Монсеньор Партанна, напротив, посещал монастыри не чаще одного раза в месяц, неизменно появлялся там в сопровождении обоих своих секретарей, нахмуренный и суровый, и упорно отказывался не только от чашечки кофе, но даже от стакана воды. Матерям игуменьям и настоятельницам не раз приходилось строго выговаривать монахиням и воспитанницам, дабы привести их к послушанию и заставить спуститься вниз, в приемную залу, когда сестра привратница возвещала о прибытии его преосвященства, с такой силой дергая за проволоку, что колокольчик у входа пронзительно визжал, точно породистая собачонка, которой посмели наступить на лапу! А когда монахини, становясь на колени перед двойною решеткой, отвешивали епископу поклон и, с пылающими лицами, опустив глаза долу, обращались к нему со словами: «Благословите нас, ваше преосвященство!» — как он пугал их, бормоча себе под нос: «
И никаких разговоров о вещах посторонних! Юный секретарь епископа, дон Артуро Филомарино, лишился своей должности только потому, что однажды в приемной зале монастыря Святой Анны пообещал молодым монашенкам и воспитанницам, которые так и пожирали его глазами сквозь решетку, исхлопотать разрешение посадить в монастырском саду грядку клубники.
Монсеньор Партанна лютой ненавистью ненавидел женщин, а под плащом и накидкой монахини он видел женщину особенно опасную, ибо то была женщина смиренная, мягкосердечная и верующая! Вот почему всякое слово, с которым он обращался к монахиням, походило на удар розги.
Марко Меола знал от своего дяди–секретаря о ненависти монсеньора Партанны к женщинам.
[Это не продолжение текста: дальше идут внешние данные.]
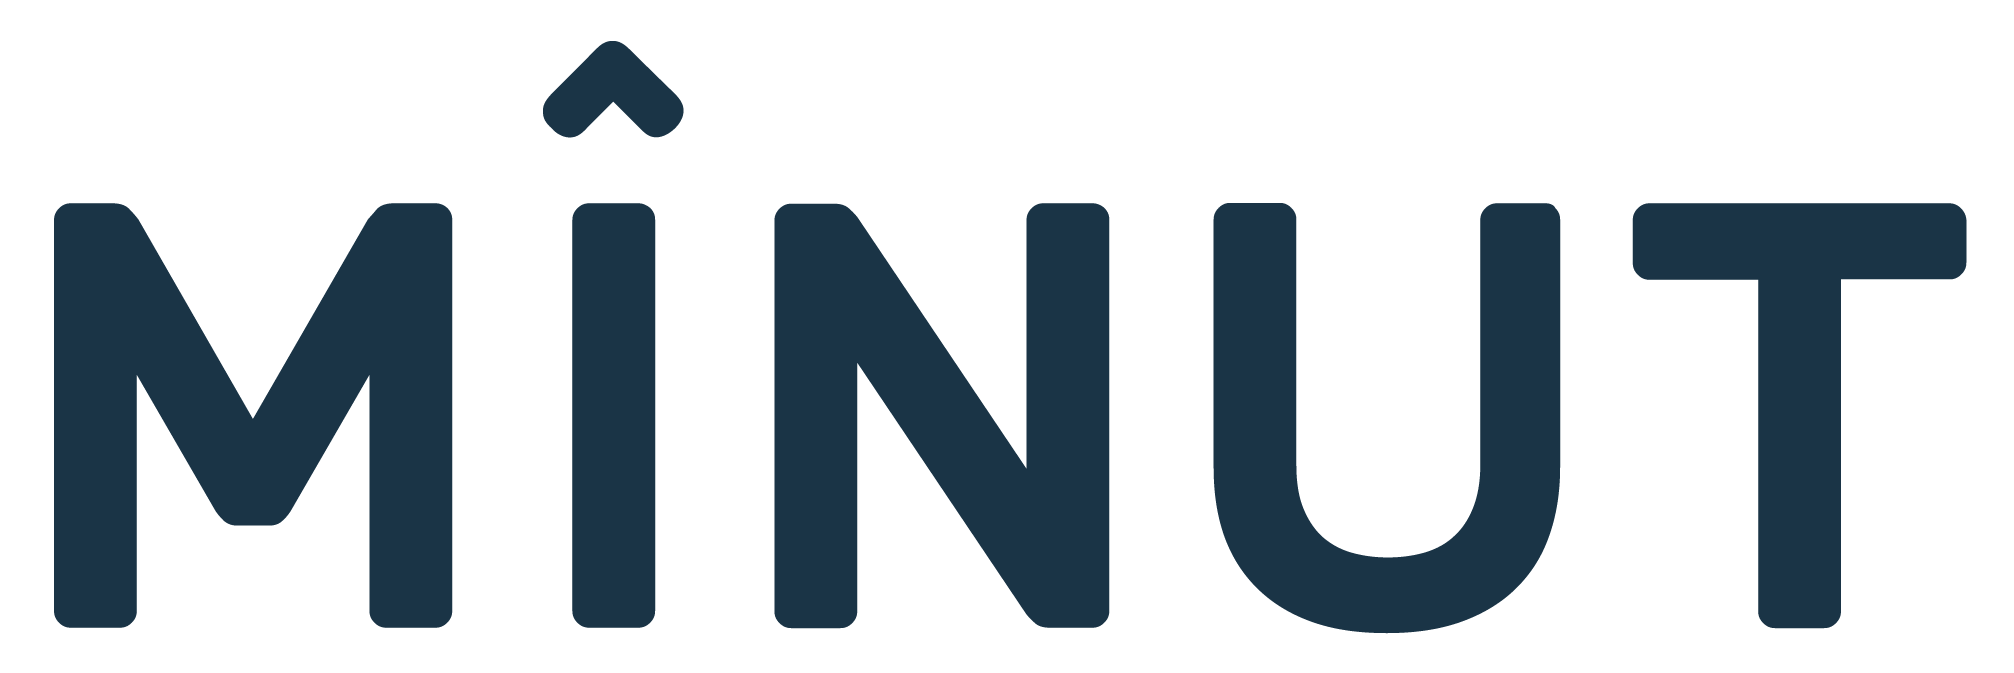 Minut logo

Ненависть эта казалась ему чрезмерной, и он не сомневался в том, что она возникла в душе епископа благодаря каким–то тайным причинам, связанным с прошлым его преосвященства. И Меола принялся доискиваться этих причин; однако он прекратил свои разыскания сразу же после загадочного появления в монастыре Святой Анны некоей новой воспитанницы. То была несчастная горбунья: она с трудом несла свою непомерно большую голову, а на ее бледном, истощенном лице выделялись огромные овальные глаза. Горбунья эта доводилась племянницей монсеньеру Партанне; но его родственникам в Пизанелло почему–то ничего не было известно о ней. Да и прибыла она в монастырь не из Пизанелло, а совсем из другой местности, расположенной в центре страны, где несколько лет назад Партанна был приходским священником.
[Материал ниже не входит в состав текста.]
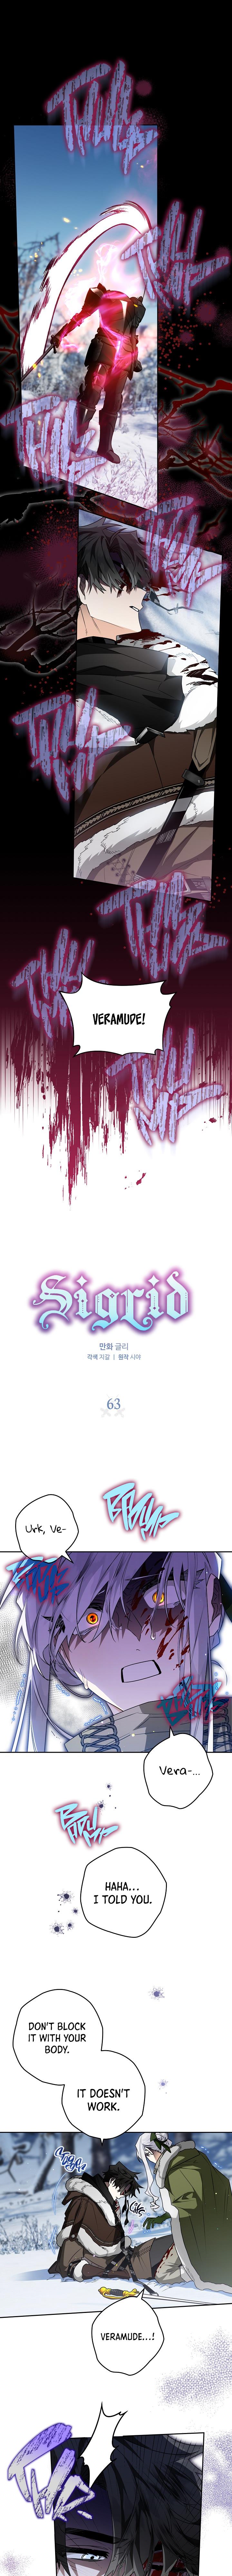 Sigrid - Page 1

Именно в день прибытия этой новой воспитанницы в монастырь Святой Анны Марко Меола торжественно провозгласил на площади перед кафе, обращаясь к своим единомышленникам–либералам:
— Синьоры, обещаю вам и клянусь, что отцы лигурийцы ни за что не возвратятся в Монтелузу!
И вскоре после этой торжественной клятвы мы с «изумлением обнаружили, что жизнь Марко Меолы совершенно переменилась; теперь мы видели, как по воскресеньям и во все праздники церковного календаря он направлялся в храм и слушал там обедню; мы встречали его теперь на прогулках в обществе священников и старых ханжей; мы видели, как он усердно хлопотал всякий раз, когда готовились пастырские поездки по епархии, которые монсеньор Партанна неукоснительно предпринимал, строго придерживаясь сроков, указанных в церковном уставе, невзирая на плохие дороги и нехватку экипажей; и Меола вместе со своим дядей Склеписом неизменно входил в состав свиты, сопровождавшей епископа в этих его поездках.
Тем не менее я — один только я — не хотел верить в то, что Меола изменил нашим идеалам. Как отвечал он на первые ваши укоры, на первые ваши протесты? Он заявлял самым решительным образом:
— Прошу вас, синьоры, не мешайте мне действовать!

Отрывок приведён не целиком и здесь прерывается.